> [Entries supplied]
━━━━━━━━━━━━━━━━

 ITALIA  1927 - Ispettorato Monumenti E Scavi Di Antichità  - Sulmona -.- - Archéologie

━━━━━━━━━━━━━━━━

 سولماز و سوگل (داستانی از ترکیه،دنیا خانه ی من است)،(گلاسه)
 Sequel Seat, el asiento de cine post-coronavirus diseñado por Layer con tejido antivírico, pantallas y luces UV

━━━━━━━━━━━━━━━━

> [What the exercise asks]
From the line containing "سولماز و سوگل" down to the line containing "Sequel Seat, el" in the material above, reproduce every line exactly, including the two end lines.

> [Response area]
 سولماز و سوگل (داستانی از ترکیه،دنیا خانه ی من است)،(گلاسه)
 Sequel Seat, el asiento de cine post-coronavirus diseñado por Layer con tejido antivírico, pantallas y luces UV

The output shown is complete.